The Haines Borough Assembly will hold two public hearings next month on Roger Schnabel’s request to receive a ten-year tax exemption on improvements to the land at his proposed 65-lot Hilltop subdivision.

The developer estimated that “enhancement” of the lot — which includes surveying, clearing and grubbing and installing a water system — will cost close to $2.6 million. He wrote that the project would not be financially “feasible” without the tax exemption, which would end early if the parcels were sold before the ten-year mark.

Haines Borough Clerk Alekka Fullerton said that if the assembly approves Schnabel’s request, it will be the first time this kind of exemption has been granted. The exemption category, which became part of borough code in March, was proposed by the housing working group to incentivize development, based on a similar program in Fairbanks.

The revised code allows temporary tax exemptions for property improvements if the improvements are “made for economic development purposes.”

In his memo to the assembly, Schnabel suggested that his project will ultimately benefit Haines’s economy since, he said, he plans to hire locally as much as possible. He also implied that the borough would recoup the lost value of the exemption because the 65 proposed lots would “directly increase property tax revenue” and expand the Haines tax base by allowing for population growth.

The completed preliminary plat for the development was approved by the planning commission at its Aug. 11 meeting after it removed some earlier conditions that borough code did not support.

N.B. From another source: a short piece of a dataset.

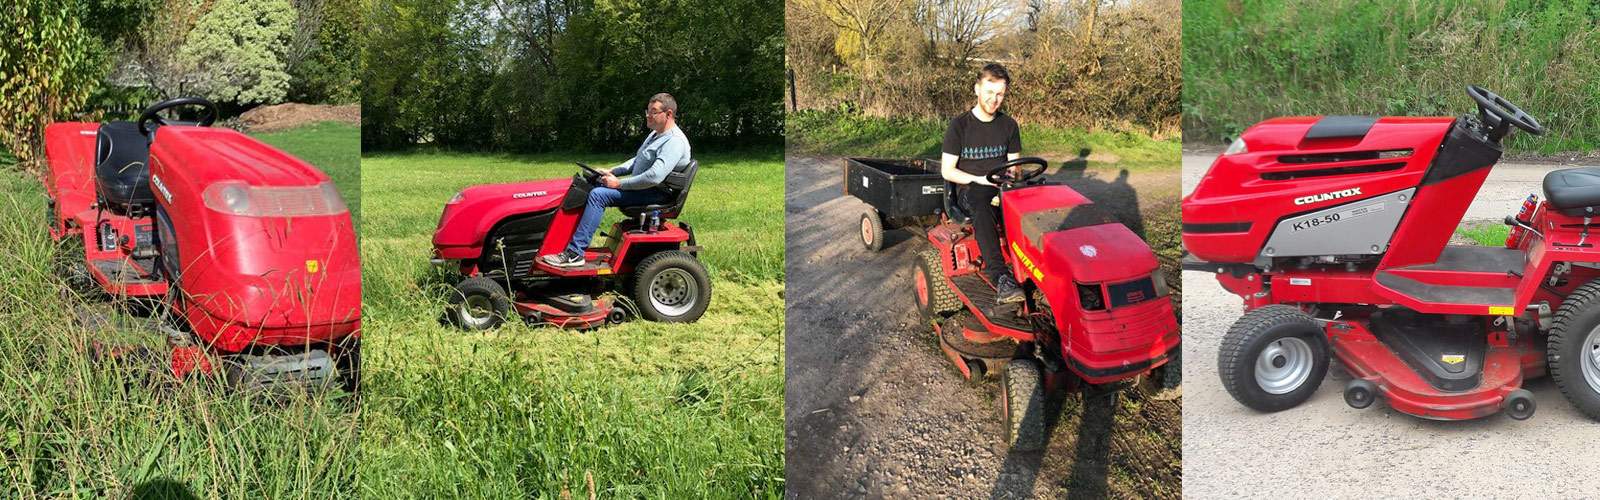 Countax garden tractor owner testimonials

Borough manager Annette Kreitzer told the commission that borough attorney Brooks Chandler had determined that the body overreached when it insisted on the development of Bartlett Boulevard and the increase of ditch depth from 2.5 to 3 feet as conditions for plat approval. “You do not have the authority under the code to require that,” Kreitzer said.

Schnabel’s is the first long plat proposal that the commission has overseen in nearly a decade, and the process unearthed several contradictions in borough code. The planning commission will develop a new subcommittee in October to clean up and clarify that section of the code.